Validation and Benchmarking: The authors provide a systematic validation study using five benchmark processes ( $pp \to W^+W^-$ , $t\bar{t}$ , $H \to \gamma\gamma$ , $WZ$, $Hjj$) to demonstrate the framework's ability to generate correct selection logic and diagnostic plots.

4. Results

The paper validates CoLLM using the meta-llama/Llama-3.3-70B-Instruct model on five benchmark analyses.

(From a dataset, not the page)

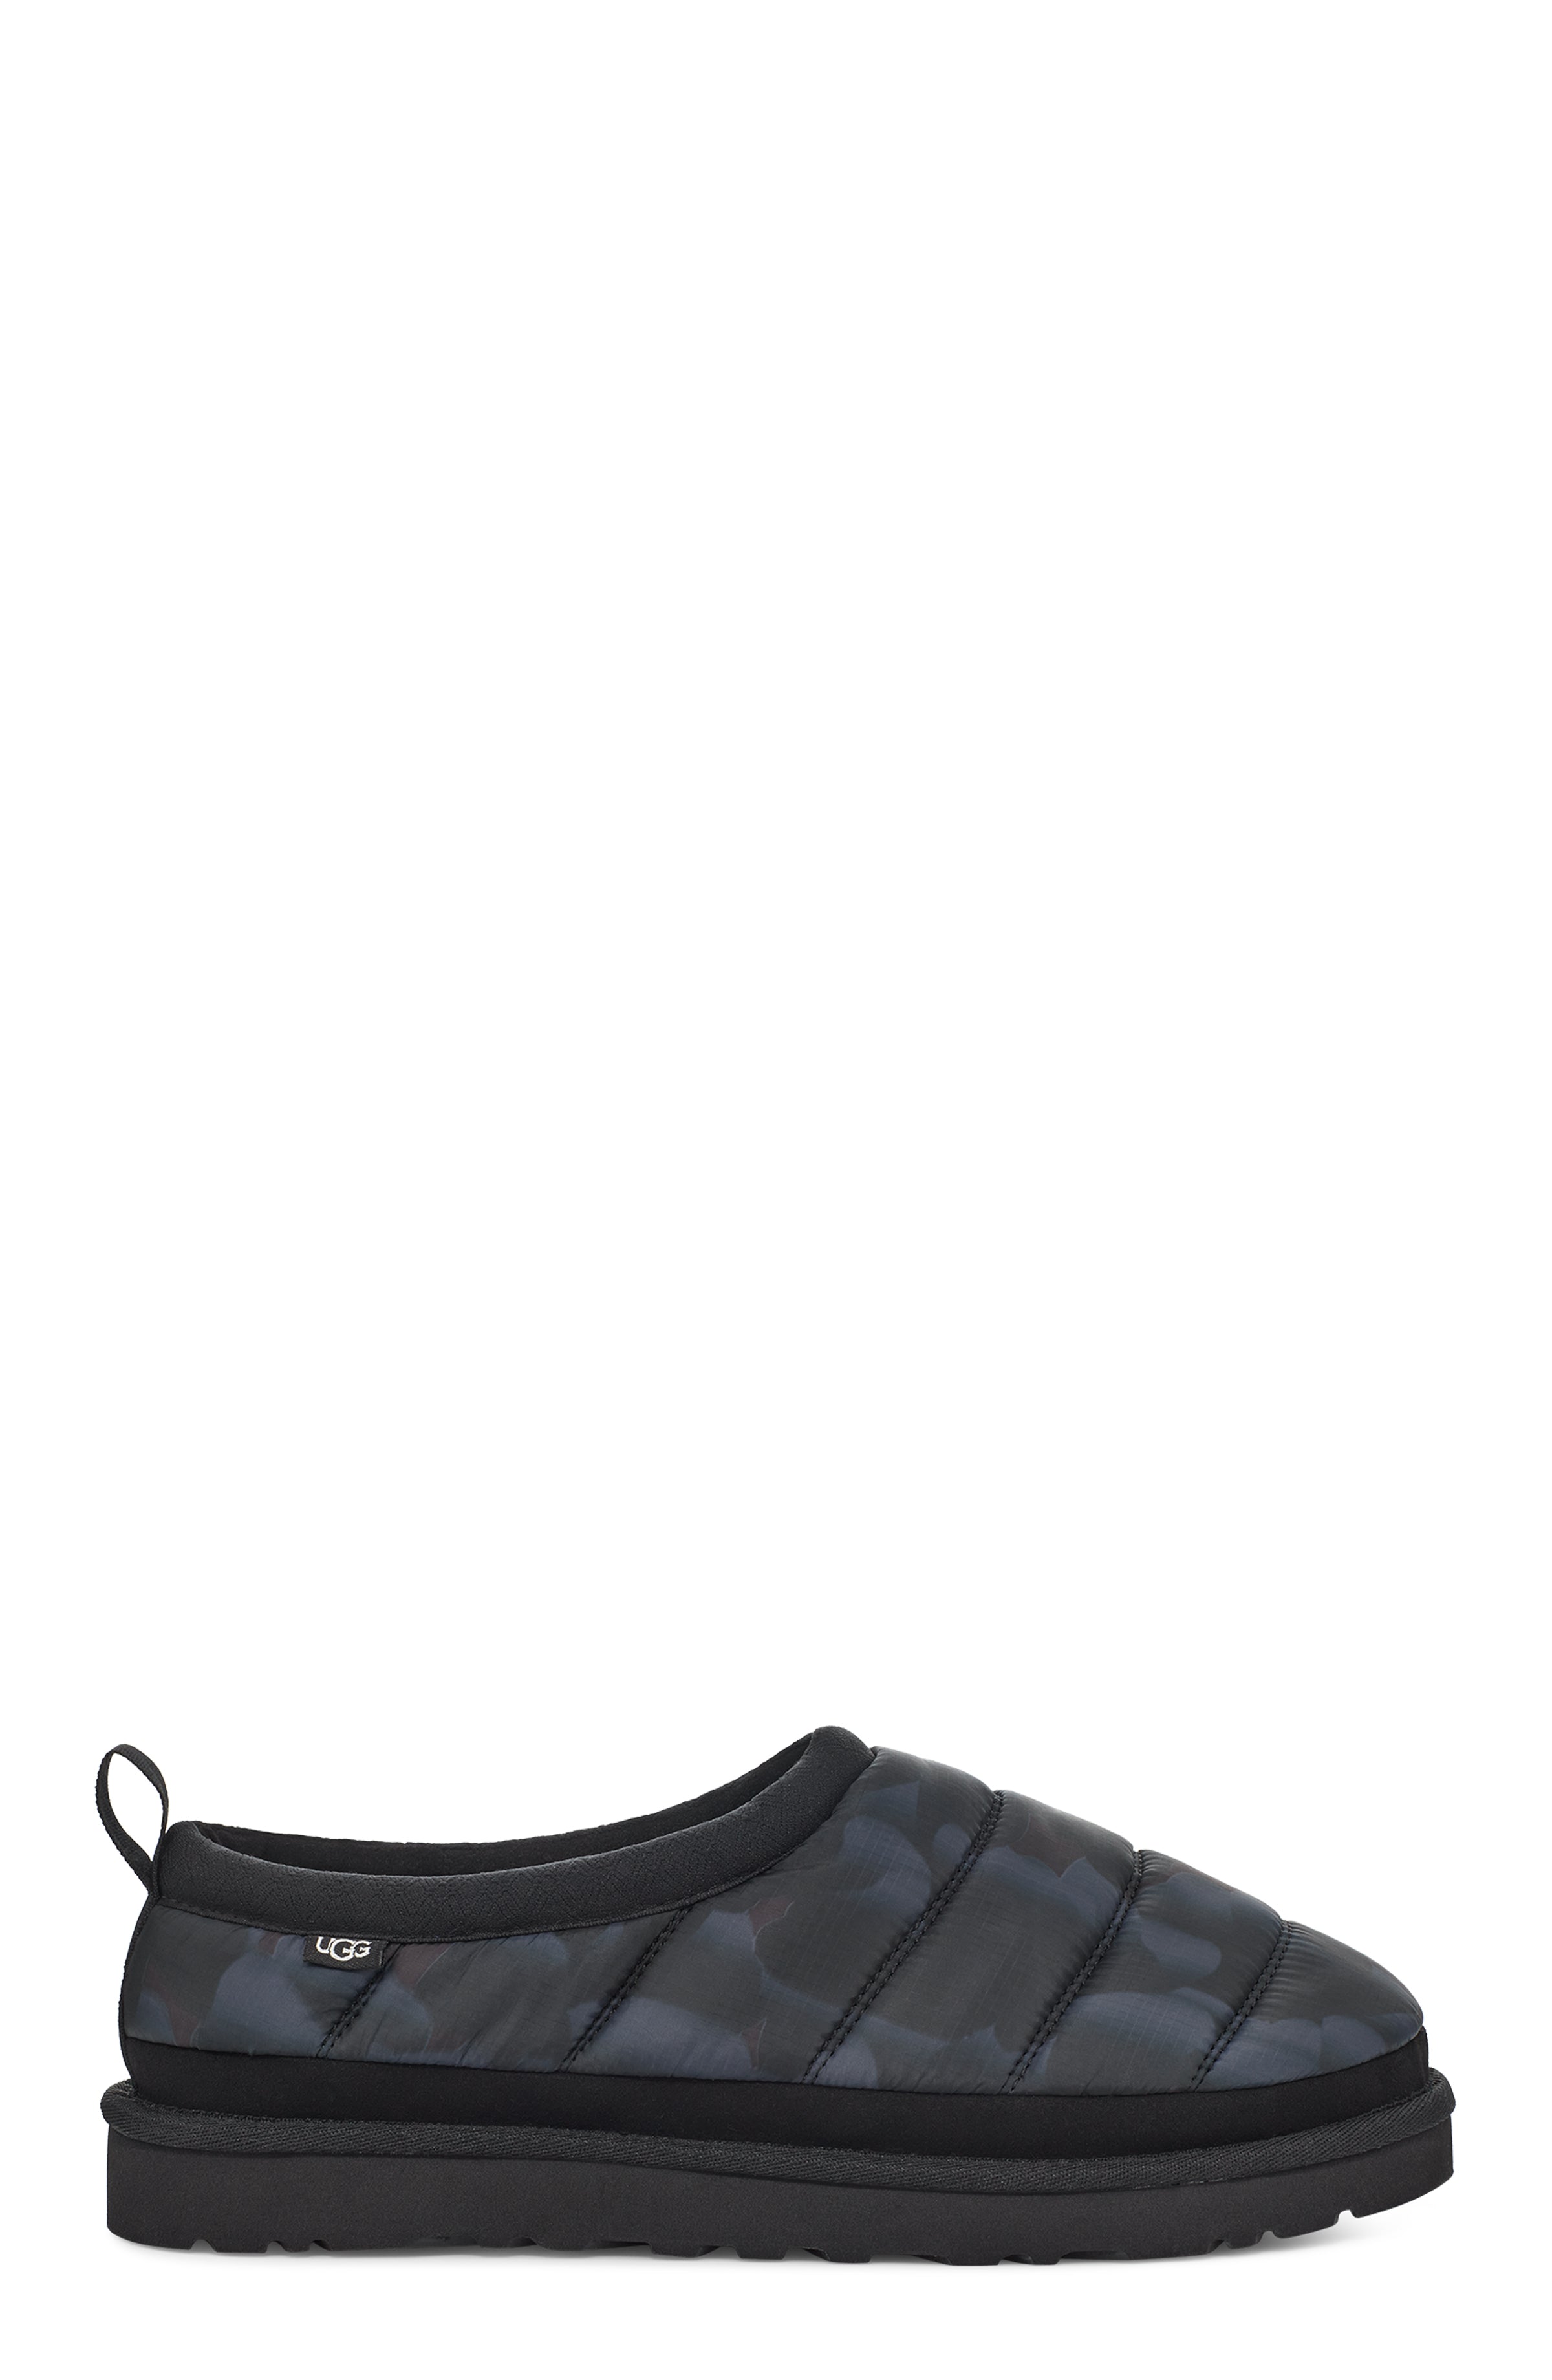 Sample UGG Tasman LTA Sandal Peace Camo Black Poppy 8

Code Correctness: The framework successfully generated executable Python scripts for complex semi-leptonic top-quark pair production and other processes, correctly parsing LHCO files, applying selection cuts, and computing kinematic variables.
Reproducibility: In repeated runs with identical inputs, the framework produced consistent cutflow results. Minor variations observed were attributed to ambiguities in the user prompt (e.g., the definition of "leading jets") rather than model stochasticity, highlighting the importance of precise user specifications.
Physics Validation: Generated histograms (e.g., dijet invariant mass, transverse mass) exhibited expected physical features, such as peaks near the $W$ boson and top quark masses, and Jacobian edges for $W \to \ell\nu$ decays.
Error Correction: The PyFixer module resolved the majority of execution errors within one or two refinement iterations, demonstrating the efficacy of the iterative repair mechanism.

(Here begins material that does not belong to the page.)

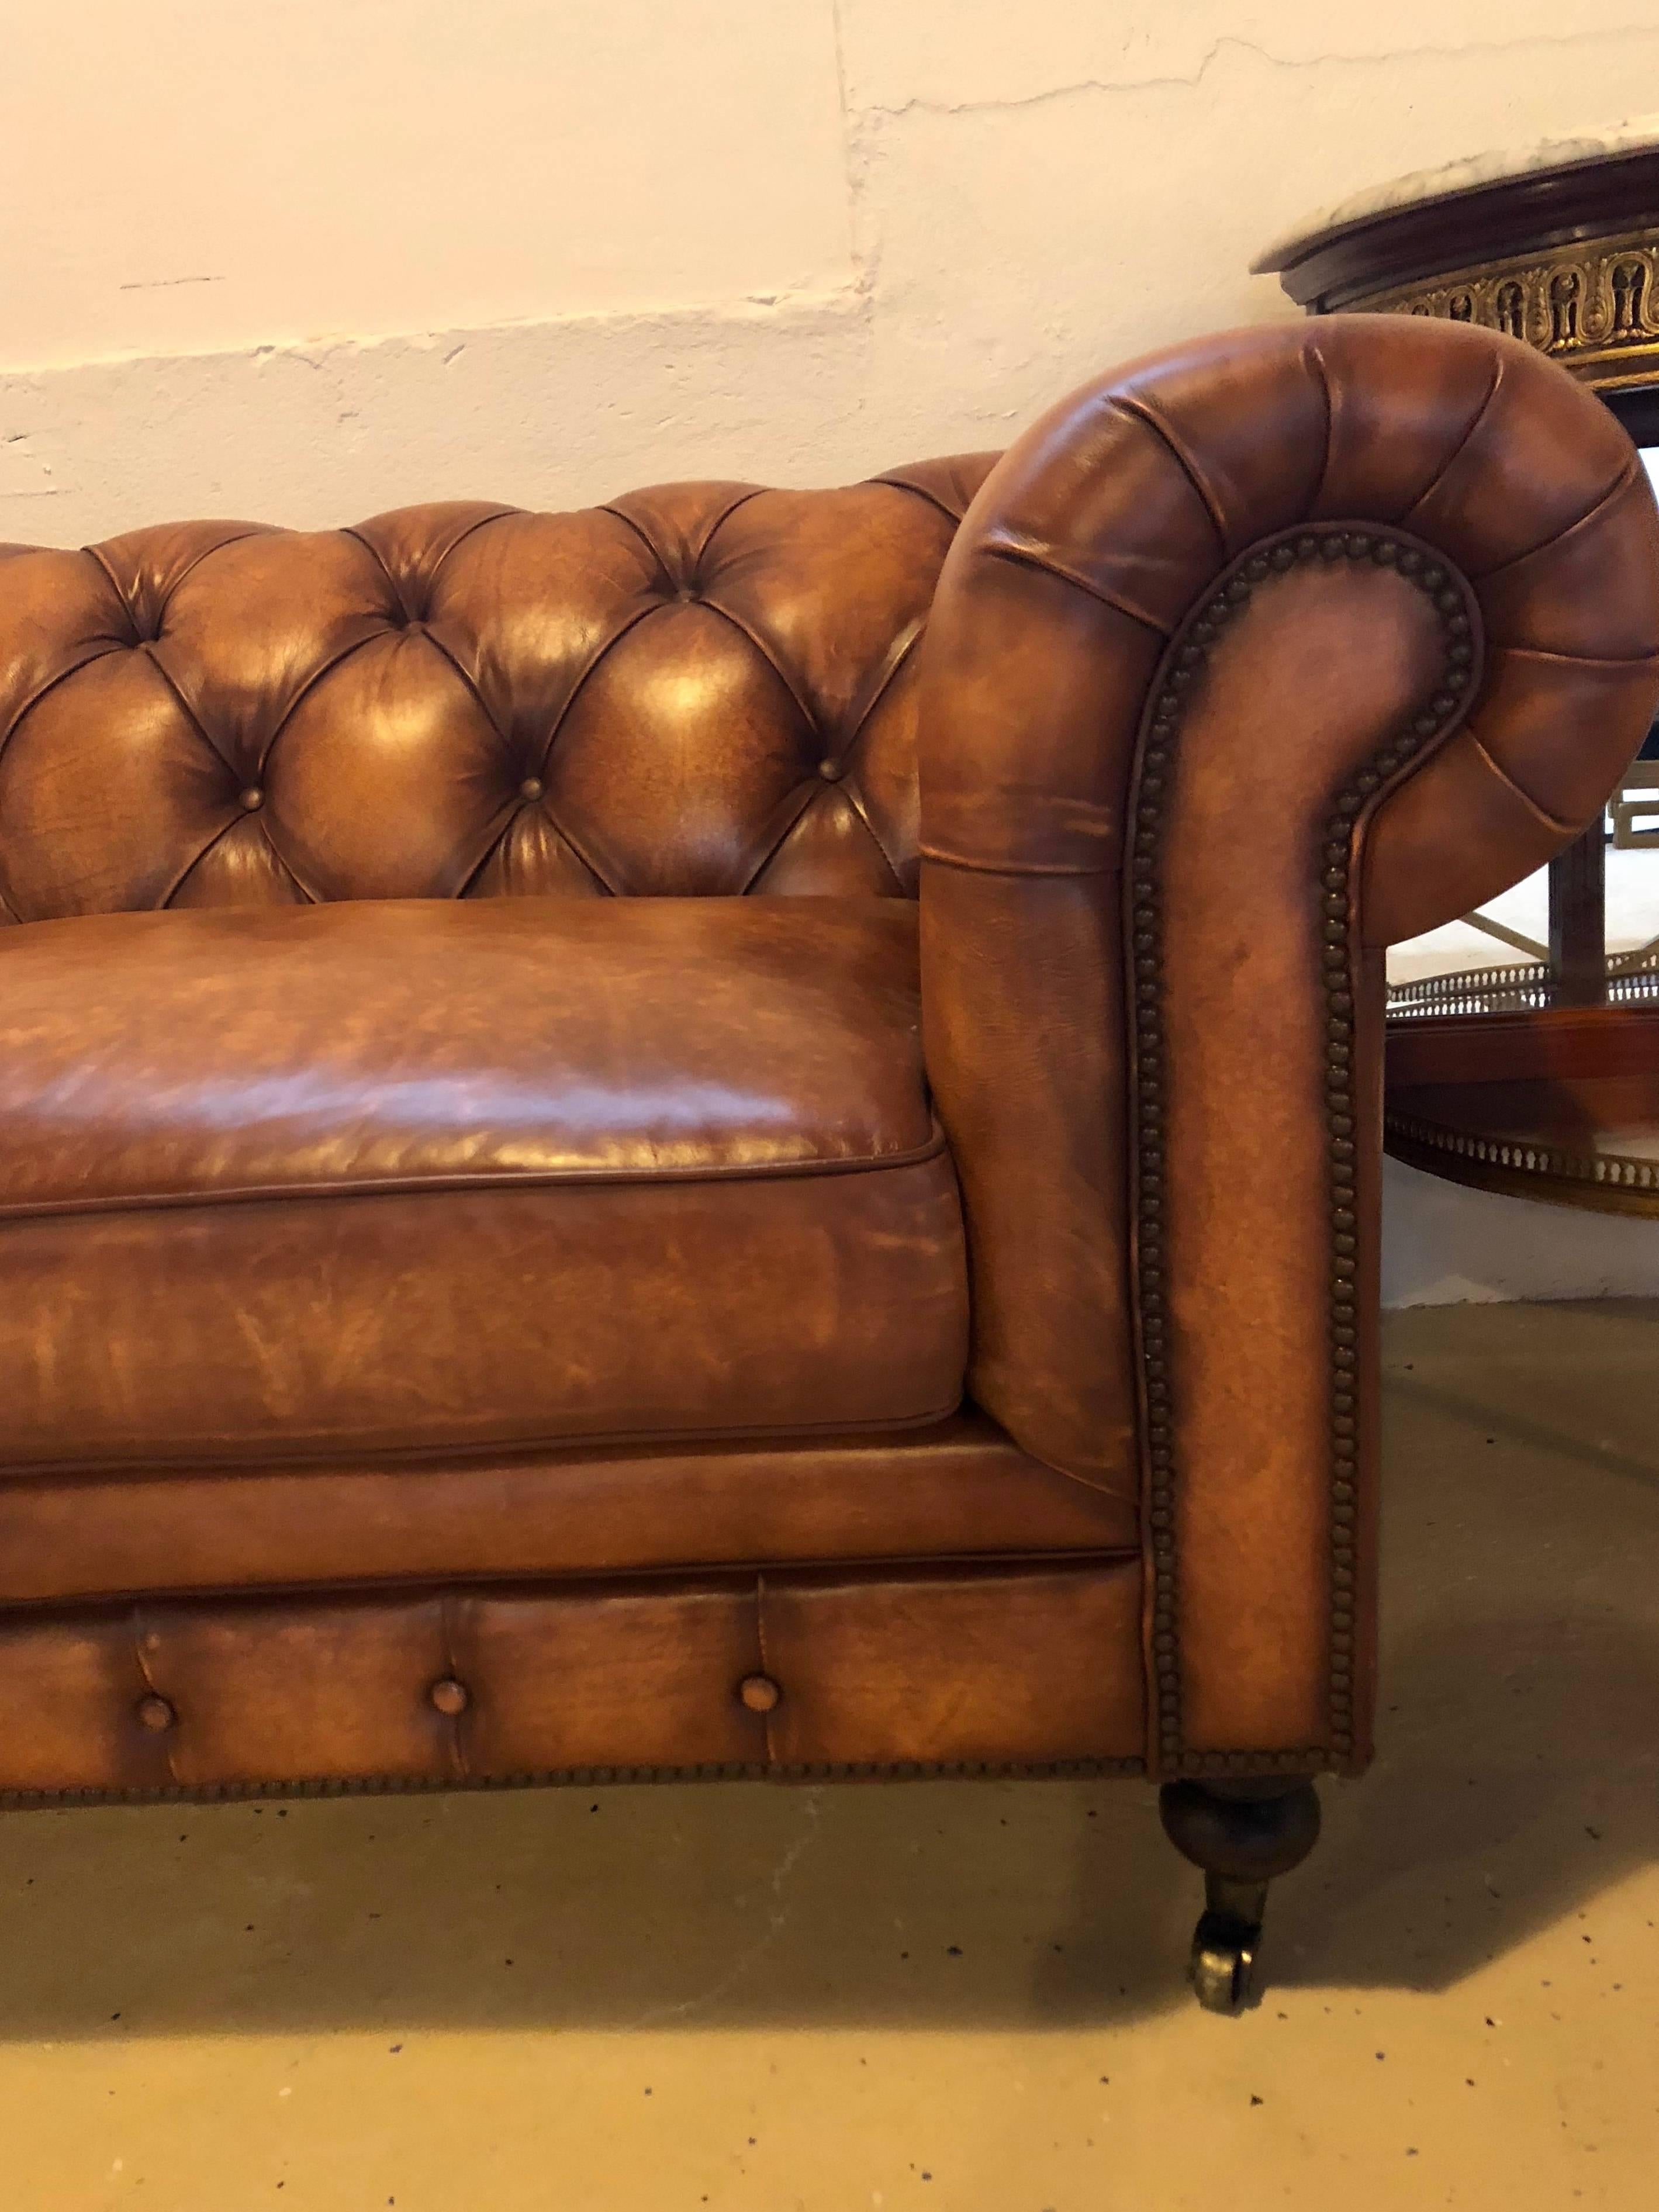 worn leather sofa

5. Significance and Claims

The authors position CoLLM not as a replacement for physicist expertise, but as a tool for "vibe engineering"—a disciplined approach where LLMs assist in code generation while the framework enforces strict validation and physics constraints.

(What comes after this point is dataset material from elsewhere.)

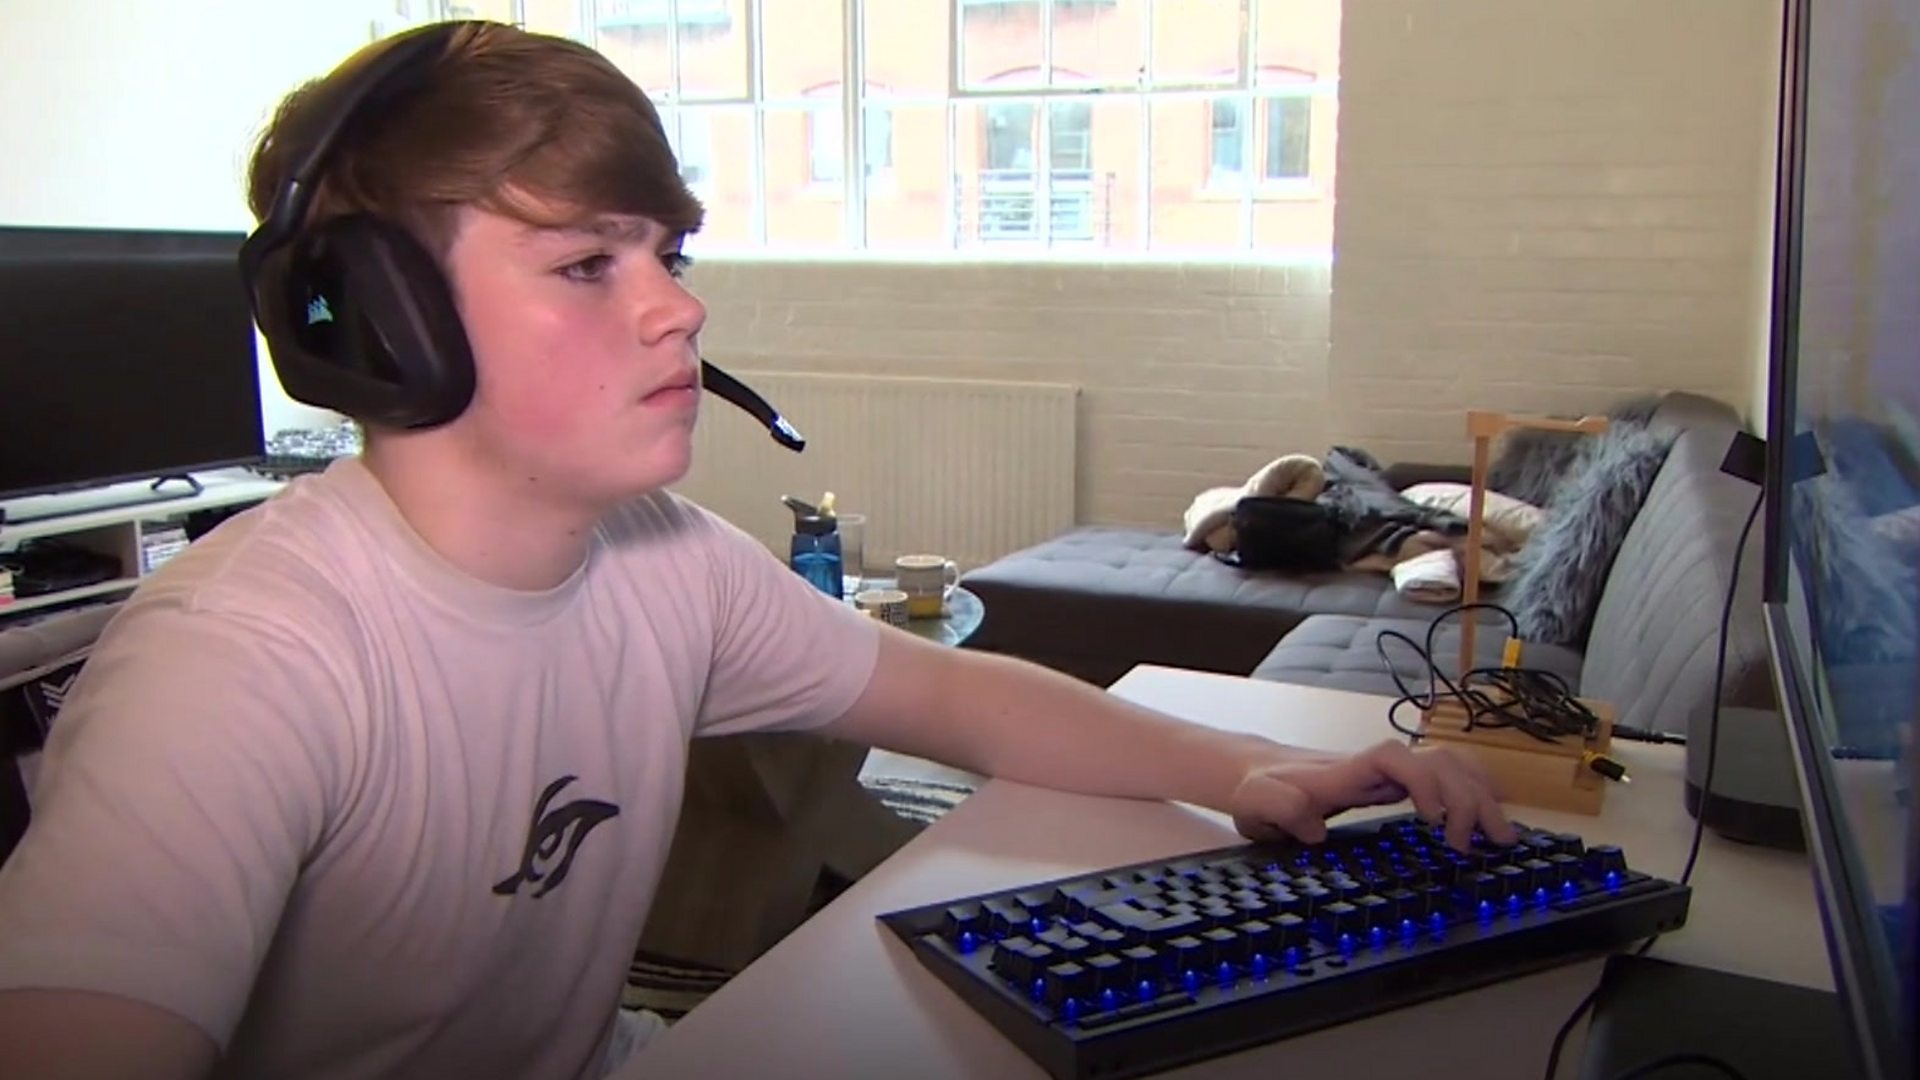 Fortnite Pro Kid Player Professional Fortnite Gamer At 13 A Dream For All Kids Bbc News

Lowering the Barrier: CoLLM aims to simplify the technical complexity of collider analyses, making sophisticated event selections and deep learning methods accessible to physicists who may lack extensive programming experience.
Reliability over Speed: The paper emphasizes that while generic LLMs are useful for auxiliary tasks, they fail to meet the rigorous requirements of collider physics due to a lack of domain knowledge and reproducibility. CoLLM addresses this by integrating domain-specific prompts and automated validation loops.
Current Limitations: The authors modestly acknowledge current constraints:
- Code generation is currently restricted to the LHCO text format and does not yet support the ROOT data format widely used in experimental analyses.
- Ambiguities in natural language inputs can still lead to variations in generated code, requiring users to be precise in their specifications.
- The framework relies on the availability of specific LLMs and computational resources (GPUs) for local inference, though it supports cloud API alternatives.

In conclusion, CoLLM represents a significant step toward automating the technical execution of collider analyses, ensuring that the resulting code is not only syntactically correct but also physically consistent and reproducible.